SQL Server – Duplicate Records Returned from Table with No Duplicates

duplicationisolation-levelsql serversql-server-2008-r2

I have a stored procedure that queries a busy queue table that is used to distribute work in our system. The table in question has a primary key on WorkID and no duplicates.

A simplified version of the query is:

INSERT INTO #TempWorkIDs (WorkID)
SELECT
        W.WorkID

    FROM
        dbo.WorkTable W

    WHERE
        (@bool_param = 0 AND
        ((W.InProgress = 0
         AND ISNULL(W.UserID, -1) != @userid_param
         AND (@bool_filtered = 0
              OR W.TypeID IN (SELECT TypeID FROM #Types AS t)))
         OR 
         (@bool_param = 1
          AND W.InProgress = 1
          AND W.UserID != @userid_param)
        OR
        (@Auto_Param = 0
         AND W.UserID = @userid_param)))
         OR
         (@bool_param = 1 AND W.UserID = @userid_param)
    OPTION
        (RECOMPILE)

The #Types table is populated earlier in the procedure.

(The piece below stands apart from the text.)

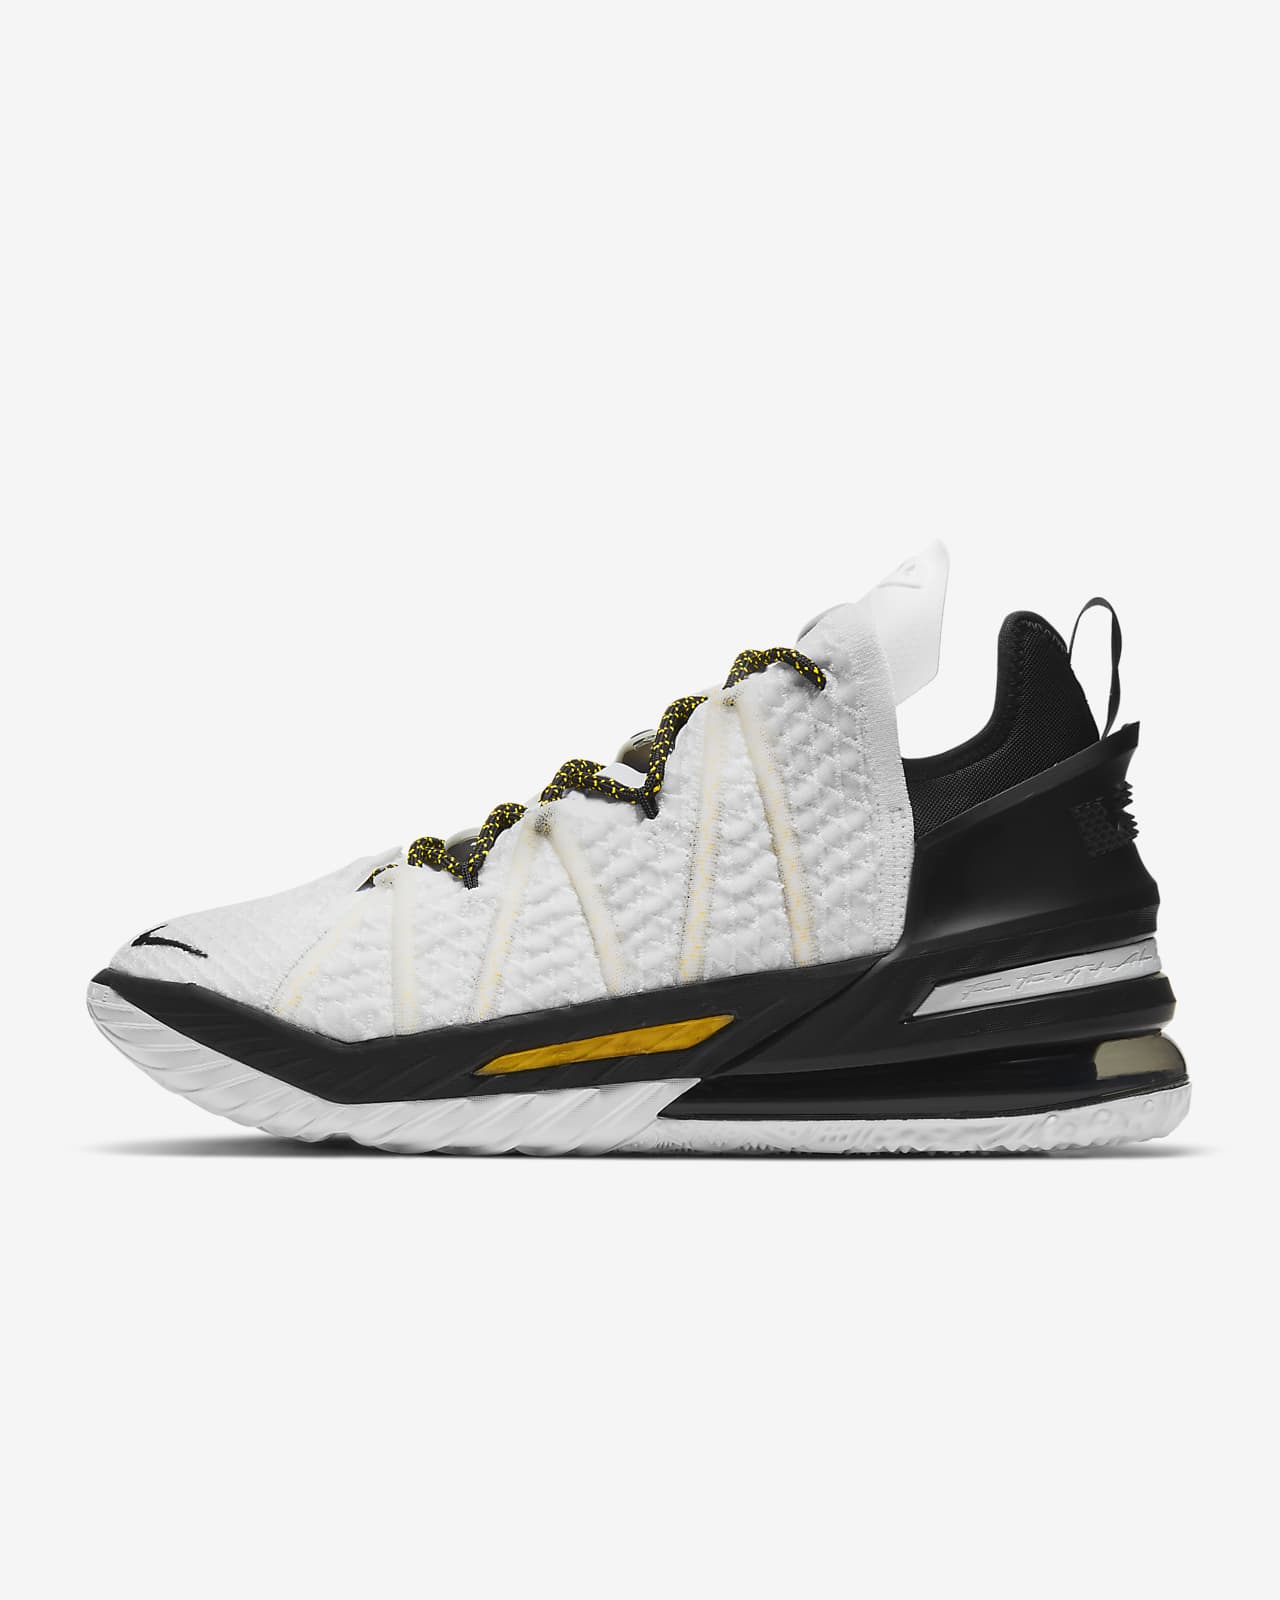 white gold basketball shoes

As I said, WorkTable is busy, and sometimes while this query is running I SUSPECT one of the records is moving from one set of filters in the WHERE to another. Specifically, this happens when someone starts to work on an item, and the W.InProgress changes from 0 to 1. When this happens I get a duplicate key violation when I try to add a primary key to the temp table this query is inserting into.

I have confirmed in the query plan generated when the error occurs that there is no parallelism, the isolation level is READ COMMITTED, and there are no duplicate records in the source table. You can also see there are no JOINs or other way to get cartesian products in here.

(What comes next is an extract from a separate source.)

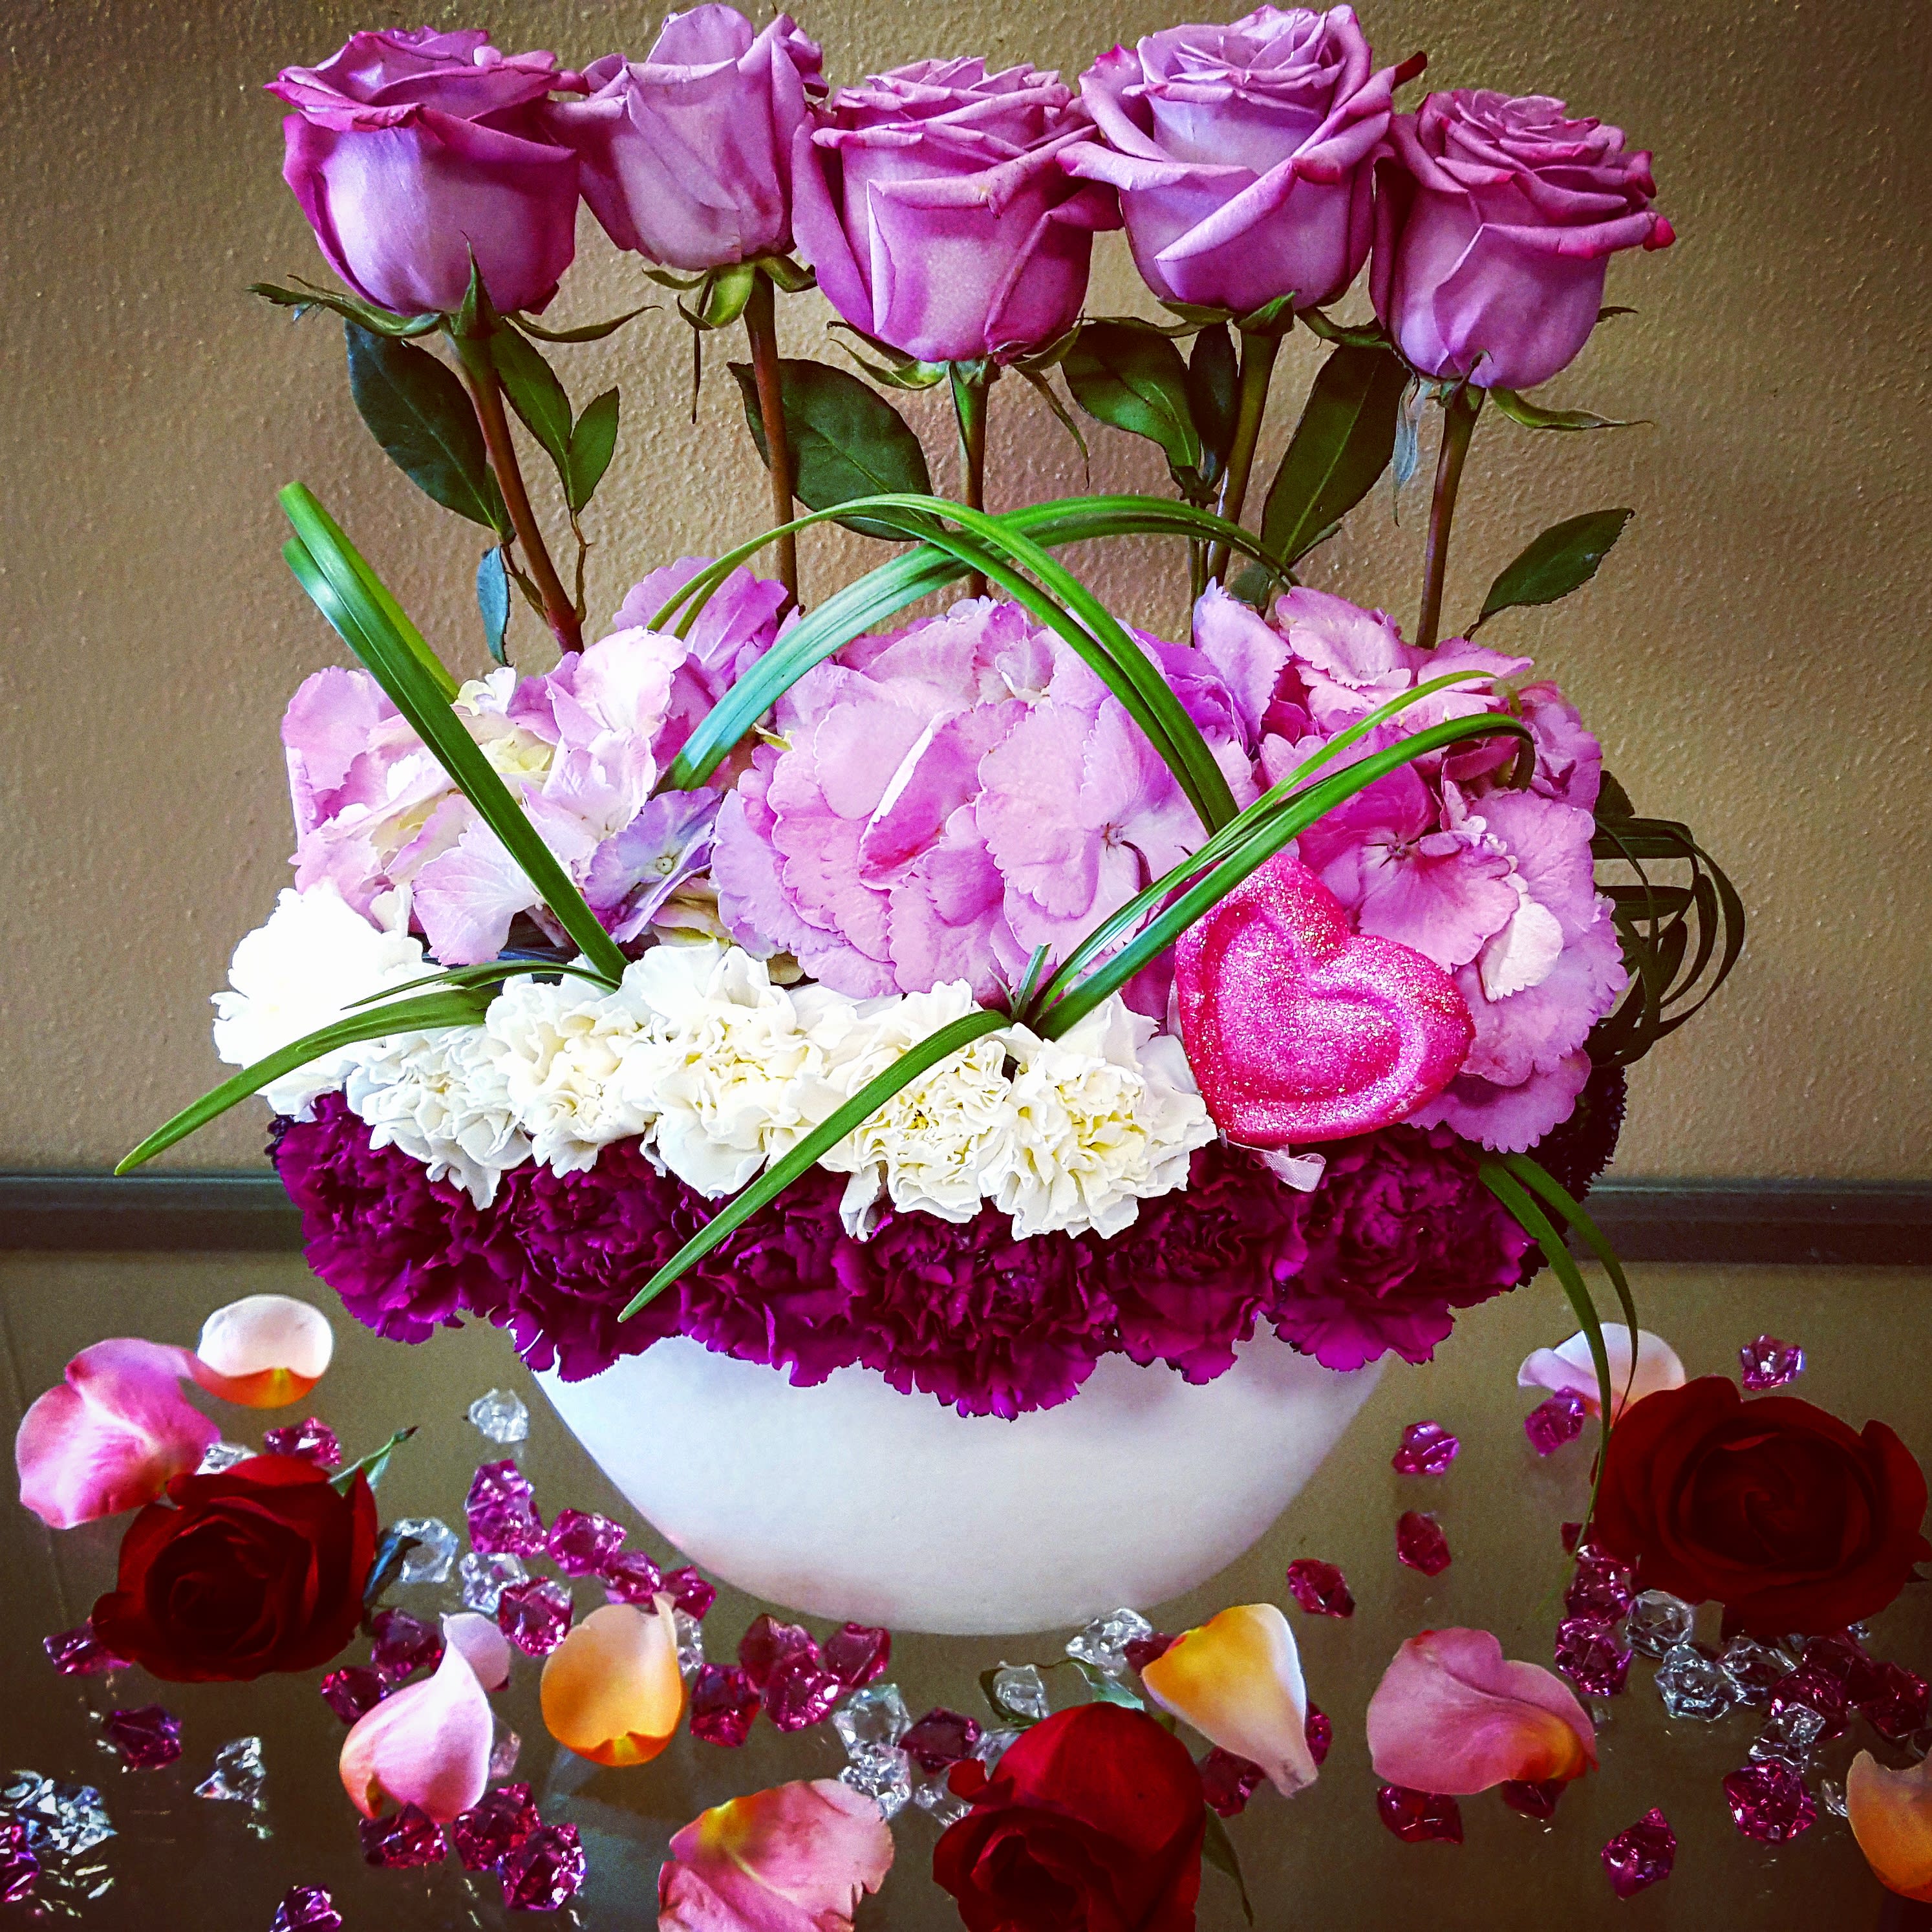 LAYERED ROMANCE - LAVENDER ROSES, PINK HYDRANGEA, AND LAYERS OF WHITE AND MAGENTA CARNATIONS. CRISS- CROSSES OF LILY GRASS PROTECT YOUR LOVES FLOWERS!

This is the anonymized query plan:

enter image description here

The question is, what is causing the duplicates and how can I get it to stop?

I think READ COMMITTED should work here, I need locking. I am almost positive the dupes occur when the InProgress bit on a record changes while I'm querying. I know this because the table stores the time of that change and it's within milliseconds of when I query and get the error.

Best Answer

There are some tricky scenarios which can result in the same row being read twice from an index, even under the READ COMMITTED isolation level.

Your query does not qualify for an allocation order scan, so the storage engine will read the data from the table in the order of the clustered key.

For your table, you have the InProgress as the first column of the clustered key. It's likely that you're getting row or page locks as you scan through the table. If you read a row near the start of the scan, release the lock on it, that row is updated such that InProgress changes from 0 to 1, and then the row is read again in a different page then you could see duplicate WorkID values from your query.

There are lots of workarounds. You could insert into a heap and simply remove duplicate values. You could add a DISTINCT to the query. You could also enable a row-versioning isolation level, to provide a stable view of the committed state of the database, either as at the beginning of the transaction (snapshot isolation), or as at the beginning of the statement (read committed snapshot isolation).

Perhaps it's appropriate to add locking hints or to change the structure of the table. For a rather fun solution (probably not appropriate for production), you could try reading the index backwards. This can be done with a superfluous TOP along with an ORDER BY. Below is a very simple demo to illustrate the point:

CREATE TABLE #WorkTable (
    InProgress TINYINT NOT NULL,
    WorkID INT NOT NULL
    , PRIMARY KEY (InProgress, WorkID)
);

INSERT INTO #WorkTable WITH (TABLOCK)
SELECT (RN - 1) / 5000, RN
FROM
(
    SELECT TOP (10000) ROW_NUMBER() OVER (ORDER BY (SELECT NULL)) RN
    FROM master..spt_values t1
    CROSS JOIN master..spt_values t2
) t
OPTION (MAXDOP 1);

The following query has the Ordered:false property but it'll still read the data in clustered key order:

SELECT WorkId
FROM #WorkTable;

However, the following query will read the data in reverse clustered order:

SELECT TOP (9223372036854775807) WorkId
FROM #WorkTable
ORDER BY InProgress DESC, WorkId DESC;

We can see this by looking at the scan properties:

backwards scan

For your table, this means that if a row is updated such that InProgress changes from 0 to 1 it will be far less likely that it'll show up twice. It may not show up at all which could be a different problem.